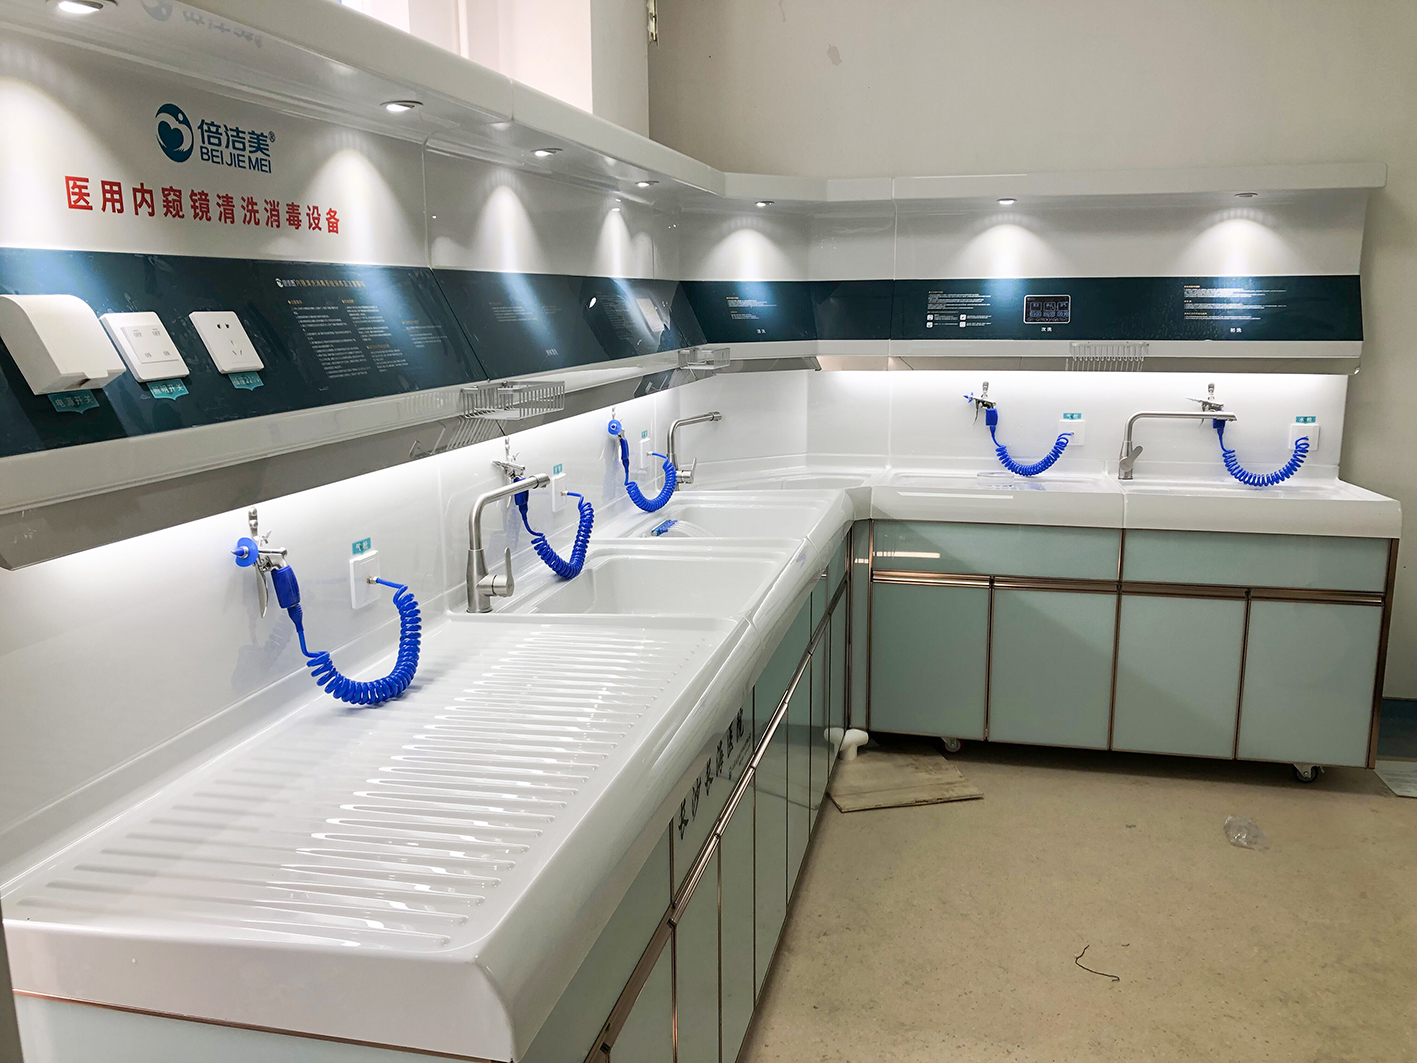 长沙长海医院内镜清洗工作站安装与调试完成
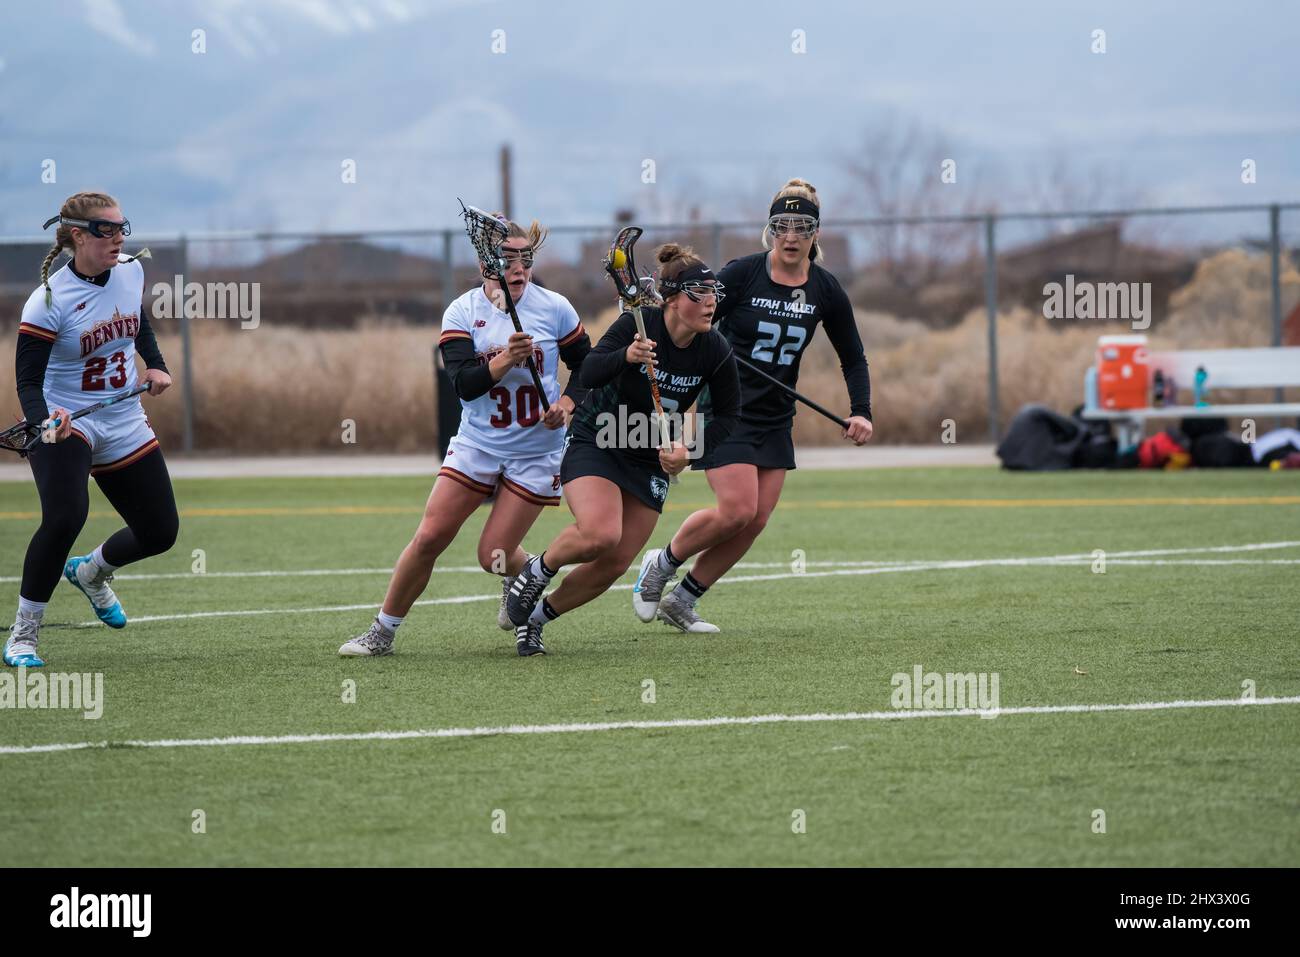 Vineyard, Utah, USA - 5. März 2022. Die Intensität und Athletik von Women's Lacrosse. Schnelligkeit, Koordination und Zähigkeit sind in diesem Sport gefragt. Stockfoto
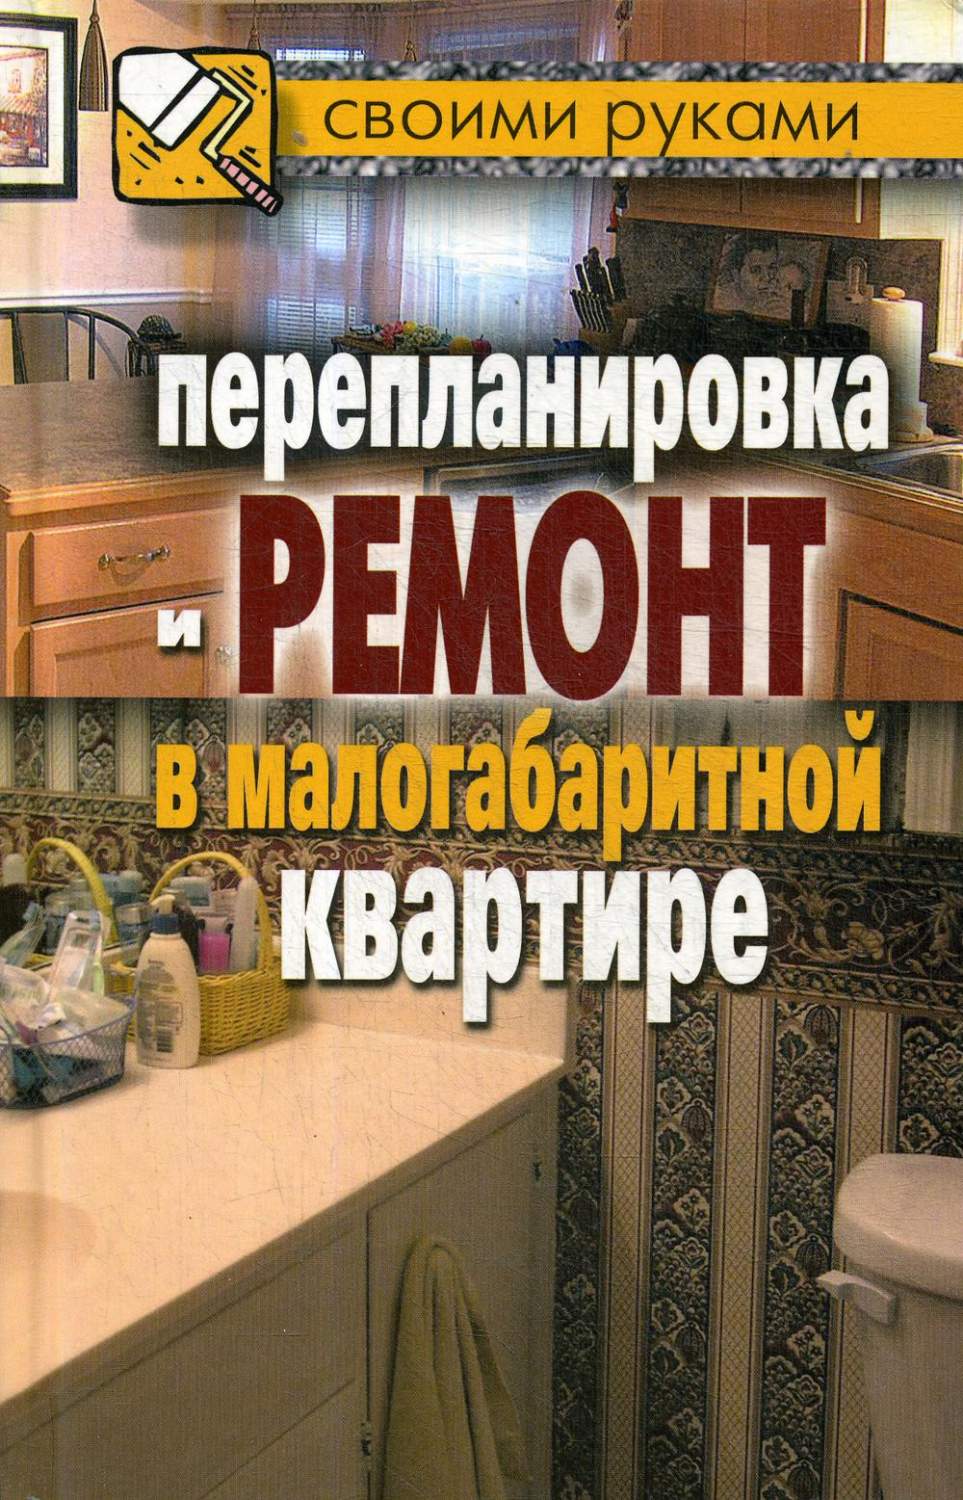 Интерьерный журнал Hi home Design Interiors Architecture, Казань 02(02), октябрь/ноябрь 2023
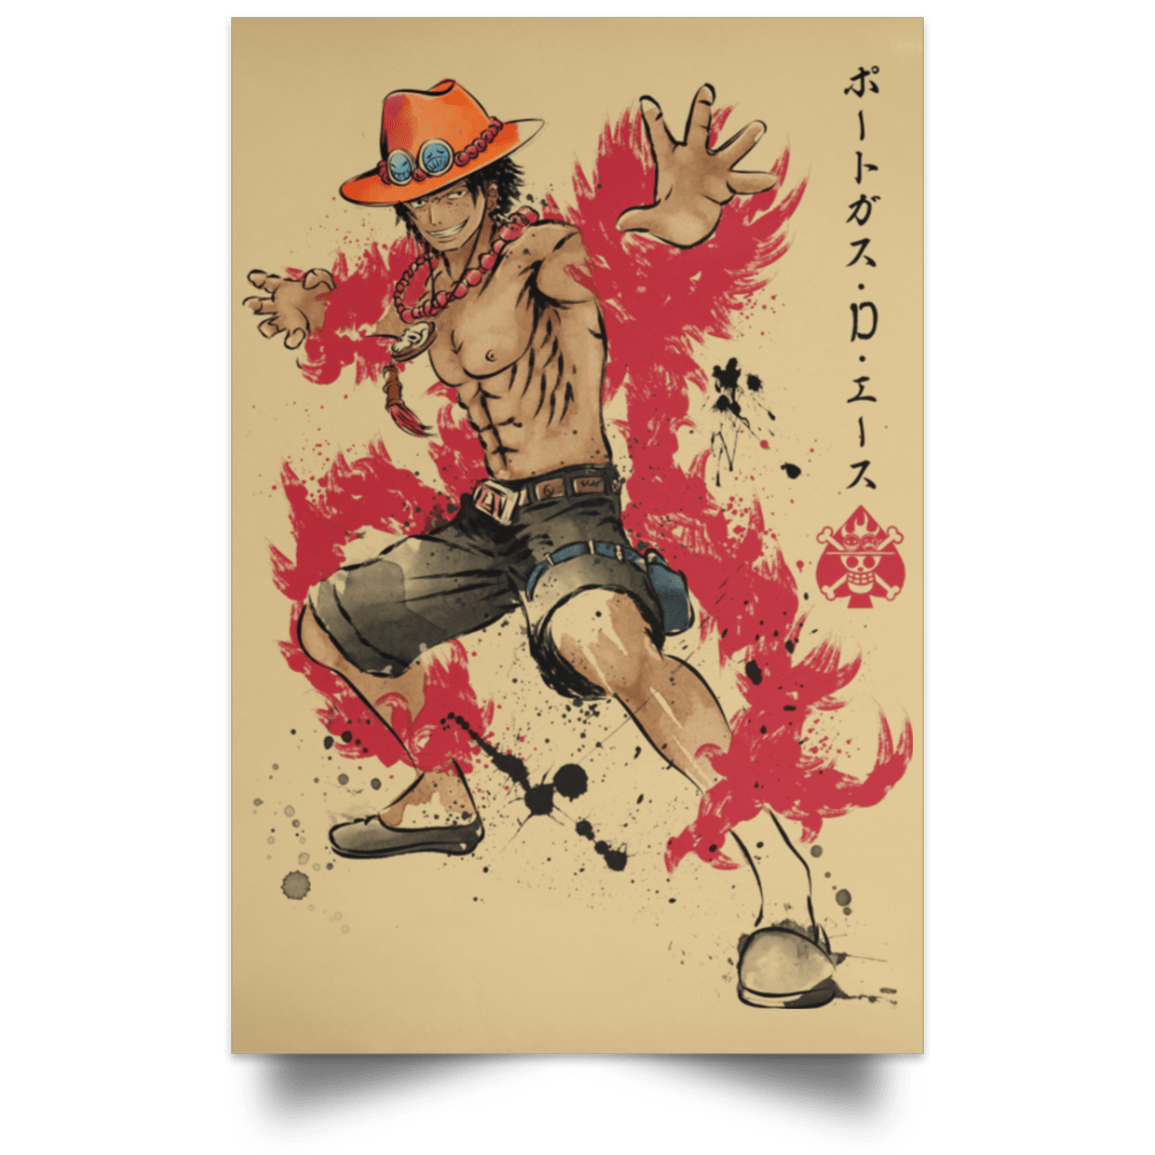 Housewares Tan / 12" x 18" Fire Fist Ace Portrait Poster
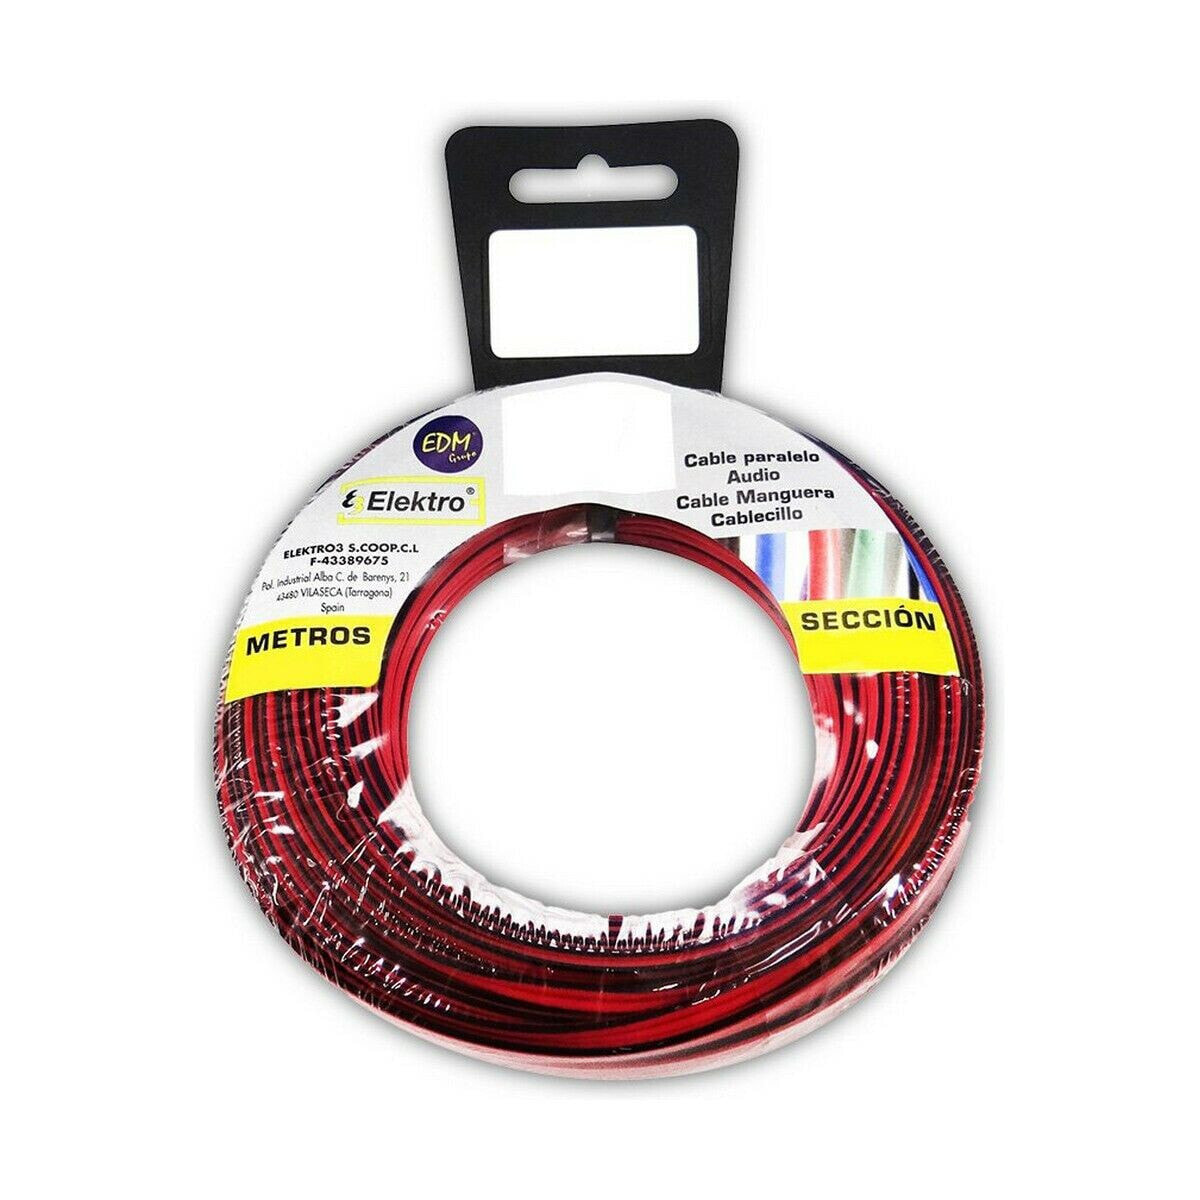 Аудио кабель EDM 2 x 0,75 mm Красный/Черный 20 m
--
*How to complete this task*
Pictures appear in the records above. Output everything except them, exactly.

*Task solution*
 长沙长海医院内镜清洗工作站安装与调试完成
 Vineyard, Utah, USA - 5. März 2022. Die Intensität und Athletik von Women's Lacrosse. Schnelligkeit, Koordination und Zähigkeit sind in diesem Sport gefragt. Stockfoto
 Интерьерный журнал Hi home Design Interiors Architecture, Казань 02(02), октябрь/ноябрь 2023
 Housewares Tan / 12" x 18" Fire Fist Ace Portrait Poster
 Аудио кабель EDM 2 x 0,75 mm Красный/Черный 20 m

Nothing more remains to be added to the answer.